No sé si habrá en el futuro quien utilice el coronavirus como argumento literario al estilo del Decamerón. Recordemos que Boccaccio describe a un grupo de jóvenes florentinos (siete mujeres y tres varones) que se aíslan voluntariamente en una quinta alejada de la ciudad para huir del contagio de la peste bubónica –la de 1348, una de las que cada cierto tiempo asolaban Europa— y deciden entretenerse contando cuentos. En estas narraciones hay emoción, drama, ternura, humor, erotismo, adulterio, jolgorio festivo..., es decir, los mismos ingredientes que seiscientos años más tarde nos ofrecen las series televisivas que en estos días de reclusión nos tragamos repantigados en el sofá.
A causa del virus se han cancelado los actos literarios programados para conmemorar el día de la poesía: recitales, presentaciones de libros, conferencias y congresos. Sin ir más lejos, esta misma semana iba a tener lugar en la Facultad de Filología una jornada de estudio en torno a la obra de Joan Margarit, premio Reina Sofía de Poesía Iberoamericana y premio Cervantes.
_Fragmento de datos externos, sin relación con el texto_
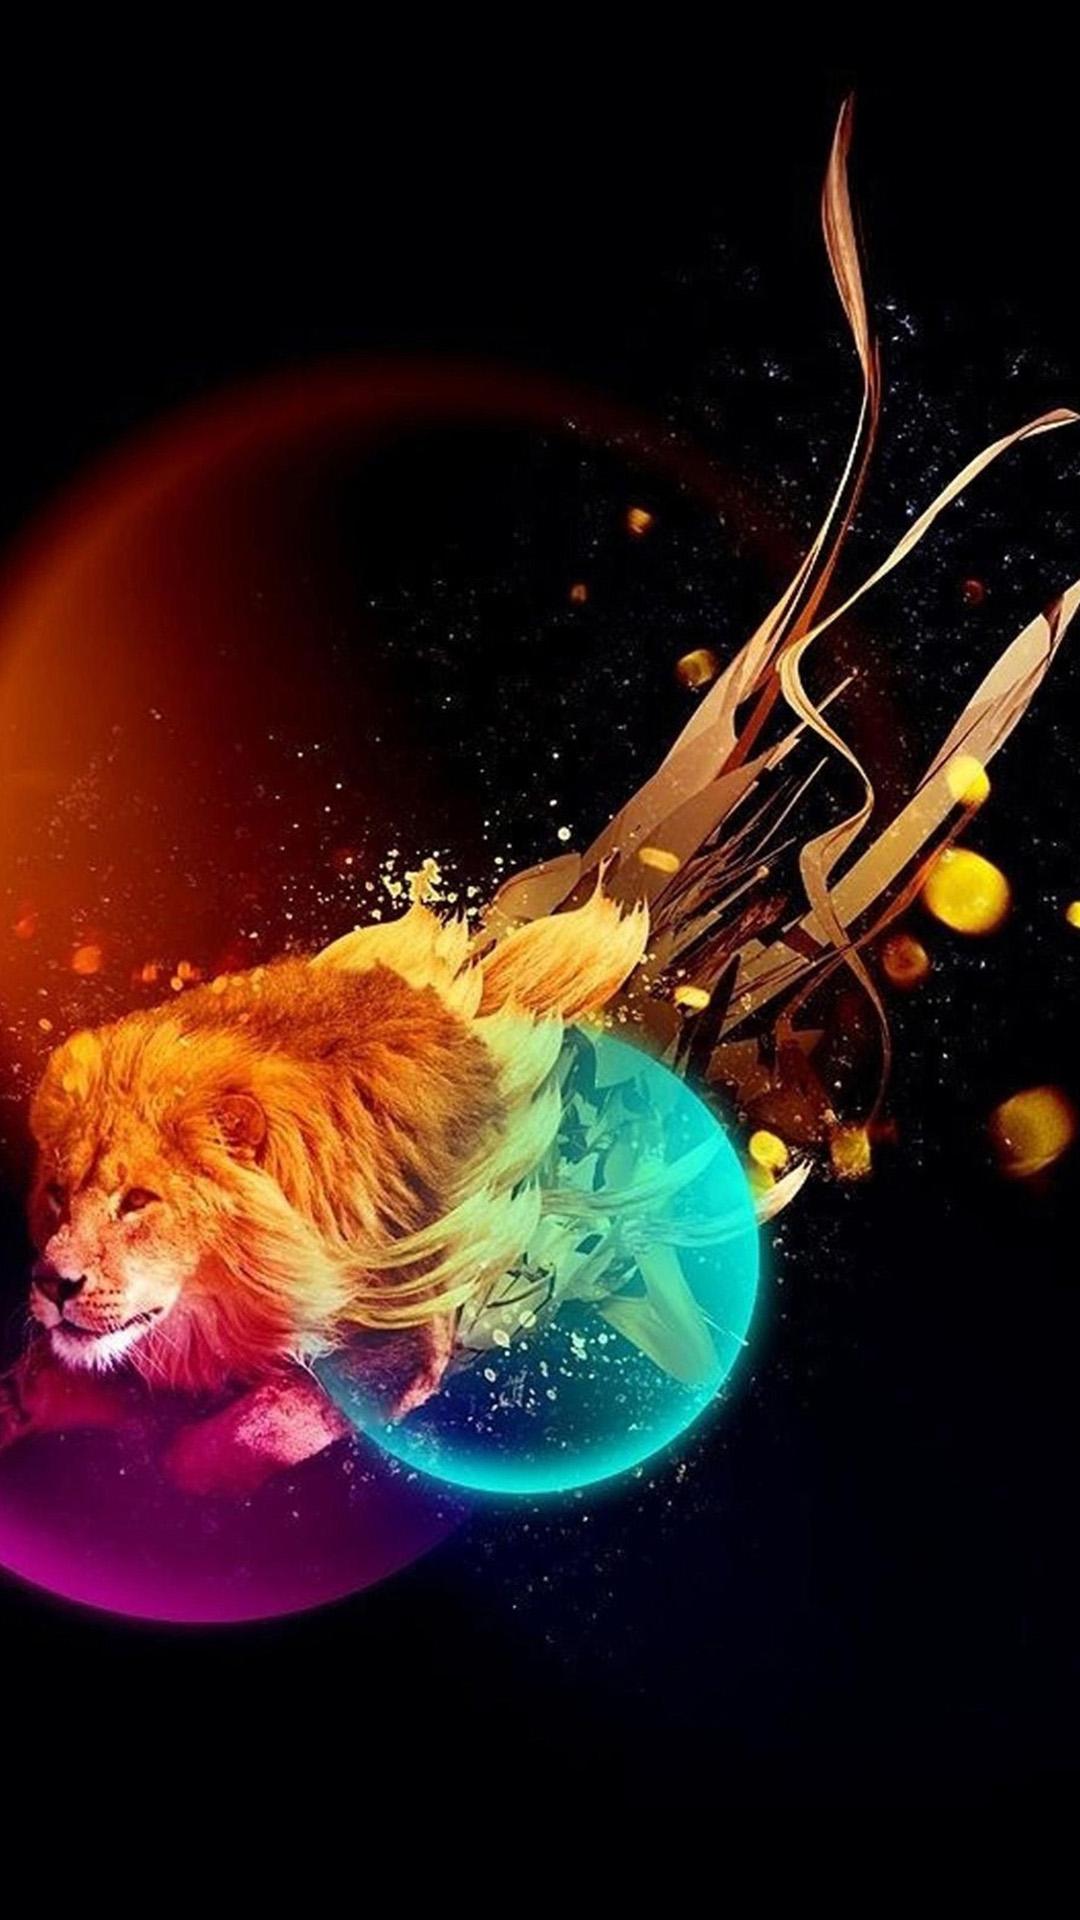 Colorful lion wallpaper wallpapersafari - Car wallpapers for galaxy s5 ...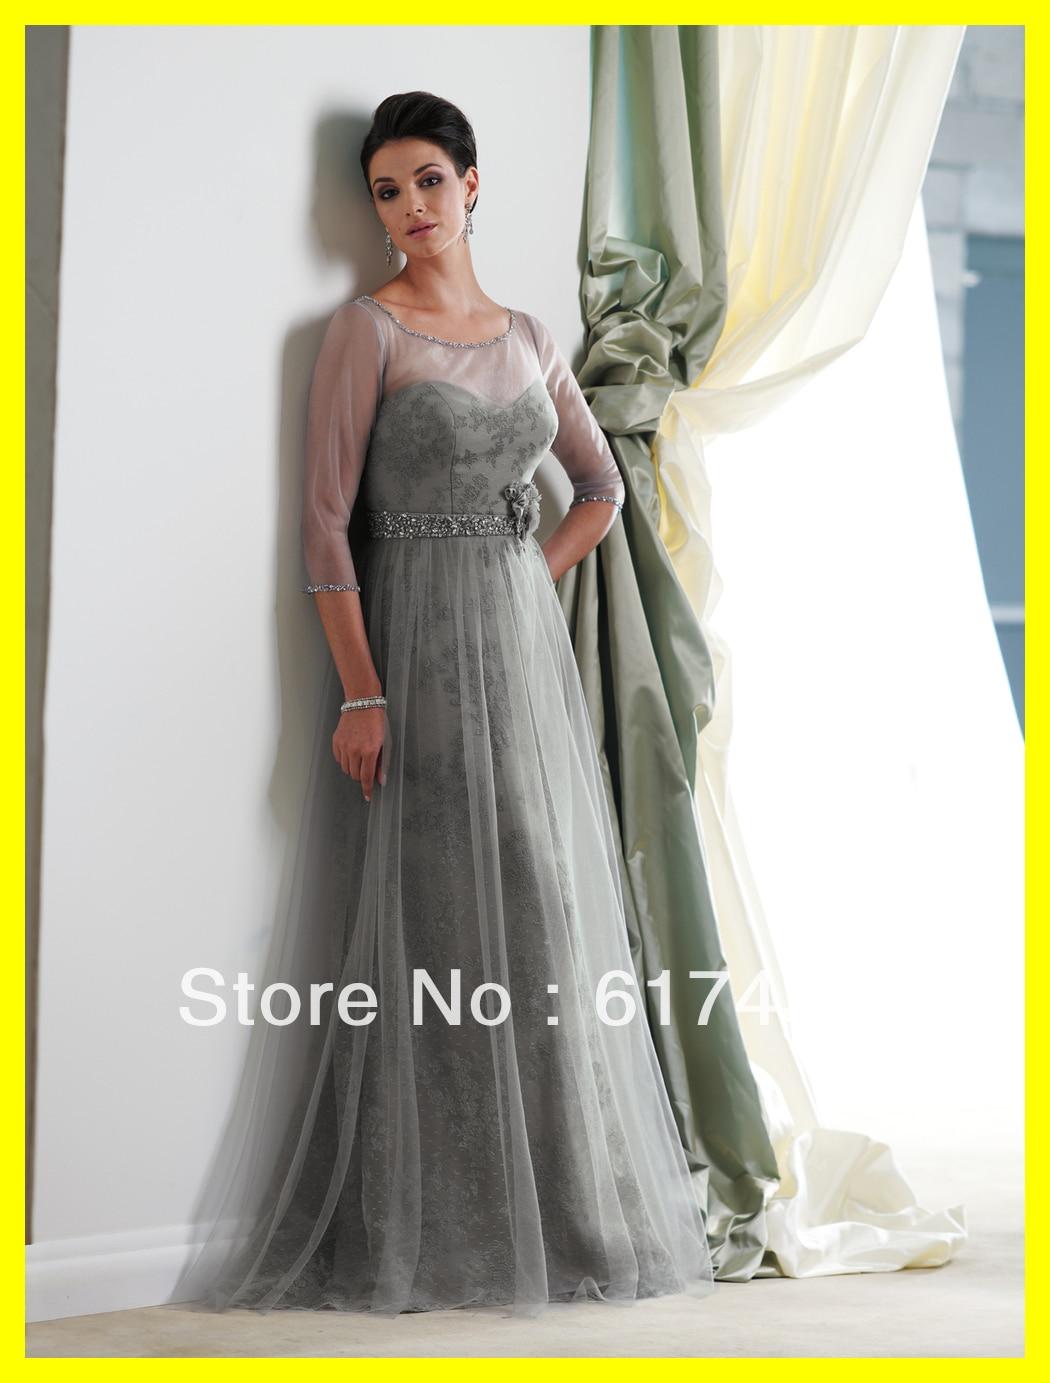 Plus Size Formal Dresses Elegant Mother Of The Bride Separates ...

El mundo necesita que se le inocule el virus poético. Se daría por bien empleada esta cuarentena si la aprovecháramos para leer. Periódicos, revistas, novelas, cuentos... sin olvidar la poesía. Porque, como se ha dicho tantas veces, la poesía ayuda a vivir. Nos acerca a cuanto nos importa: a los amaneceres y a las cenizas, a las desilusiones y a los miedos, a las sombras y a los azules. La poesía es la gramática que nos piensa, el espacio que nos rodea, el vacío que separa. Es lo que queda tras el después y lo que existe previo al antes. Lo que nos permite existir en ese monótono ritual que a veces guía nuestros días. Pero la poesía es además lo que anuncia el futuro y pone en jaque al pasado, lo que interroga sobre las heridas y lo que enciende una luz en medio de las tinieblas más crueles de la vida. Como las de ahora mismo.